Still more melee... the lines are, sort of, not moving much. |
As one turn led to another, and the lines remained mostly static, and several units had taken disordered and disrupted markers several times only to remove them during the reform phase, the whole exercise stopped feeling like a game and just an endless dice-off. To the degree that one can expect a game with little toy soldiers to have some realism, these rules feel like a heavy fail, because these infantry units on both sides were fought something like six or seven turns of continual hand to hand combat and there was only mild disorder markers scattered here and there, most of which were promptly removed the following turn.

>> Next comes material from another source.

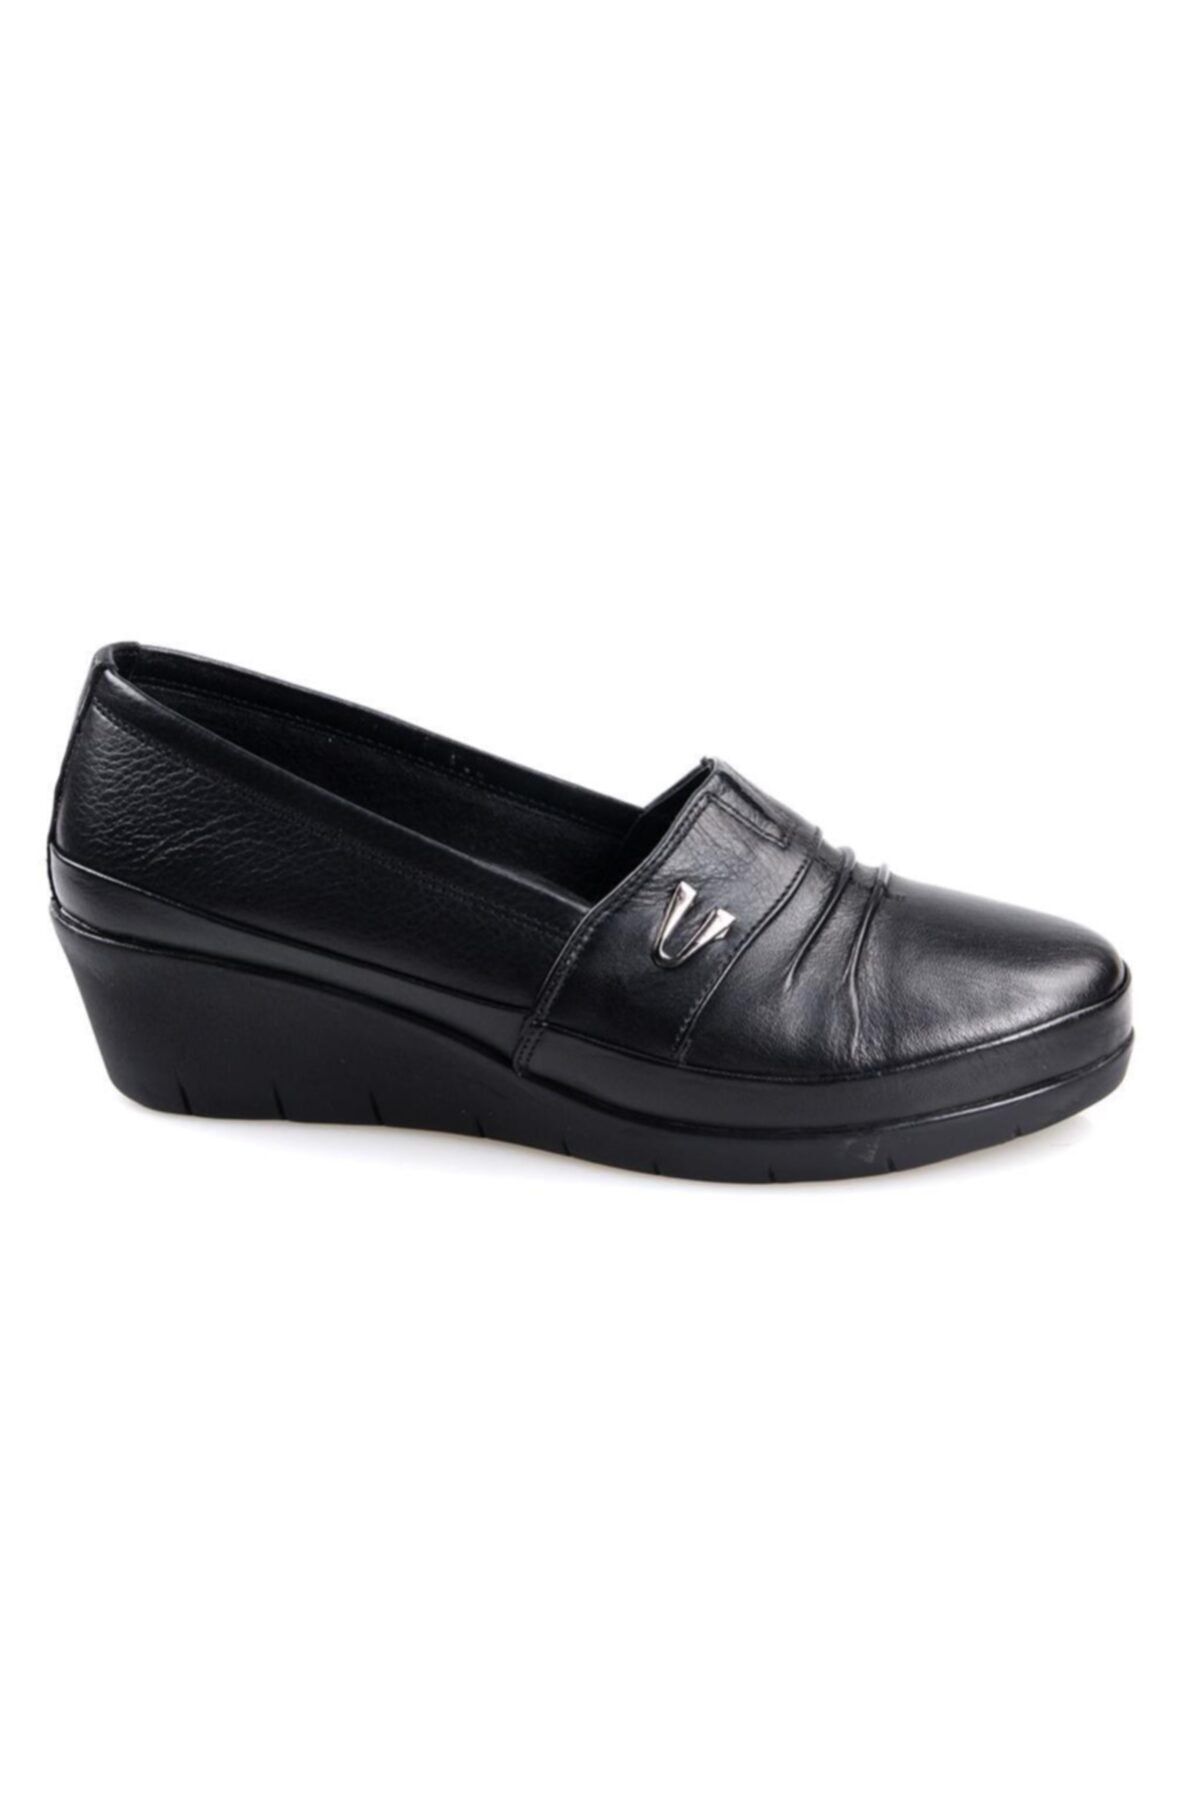 Scavia Kadın Ortapedik Comfort Siyah Deri  Günlük Ayakkabı

Melee now, melee forever! |
So after maybe turn 10 (or higher?), I simply ended the game because it was going nowhere and neither side seemed to be showing any signs of starting to break. This was in spite of Carthaginian success on its right flank, where heavy cavalry was able to push its opposition to the table edge, then turned and was starting to attack the left end of the Roman infantry line in the rear (the main mechanic disadvantage of this is that its more difficult to reform - but there is no modifier for to-hit rolls for flanking attacks and only a -1 on saves).
In the interest of fairness, I will concede that more open terrain and less randomized deployment (I was trying out Peter's ancients deployment method) might lead to a situation where even moderate success on a flank could lead to a decisive move towards the center, but I have to admit I'm a little skeptical. I could also concede that perhaps I was rolling more 5s and 6s on saves and reform tests than could be considered typical from a probability standpoint, so my results are not what could be considered typical. Every unit getting to roll a reform test every turn, however, feels a cousin to Warhammer with its roll-dice-three-times (to hit/to wound/to save) dynamic. The importance of decision making is adversely affected when a player must beat chance three separate times to make progress towards victory.
If the base score for saves was a 5+ and for reform tests was a 6, creating a kind of plunging curve, that could be better? Its also possible that simply scraping the Reform system entirely, or limiting it to a unit attached to a commander (in a manner similar to Hail Caesar's rally tests), could also achieve a more decisive result while retaining other attractive parts of the rules (the orders system, movement, lining up charges, the three-step disorder/disrupted/routed metric). But throwing out an entire phase of the rules seems like a rather extreme step to salvage these rules. Verdict for now: too much dice rolling. Might revisit sometime but unlikely.
Thanks for the rules review, always interesting to get a feel for what they are all about. Nice looking tabletop and figures by the way.
ReplyDeleteThanks Peter. Hope I don't sound like too much of a crank!
DeleteOn the figure front I'm now realizing that I could very easily start fielding 12 fig cavalry units instead of 6 fig - would just need to paint a few more boxes (not a huge task with 20mm!).
The larger unit do look good. Your unit basing looks very effective.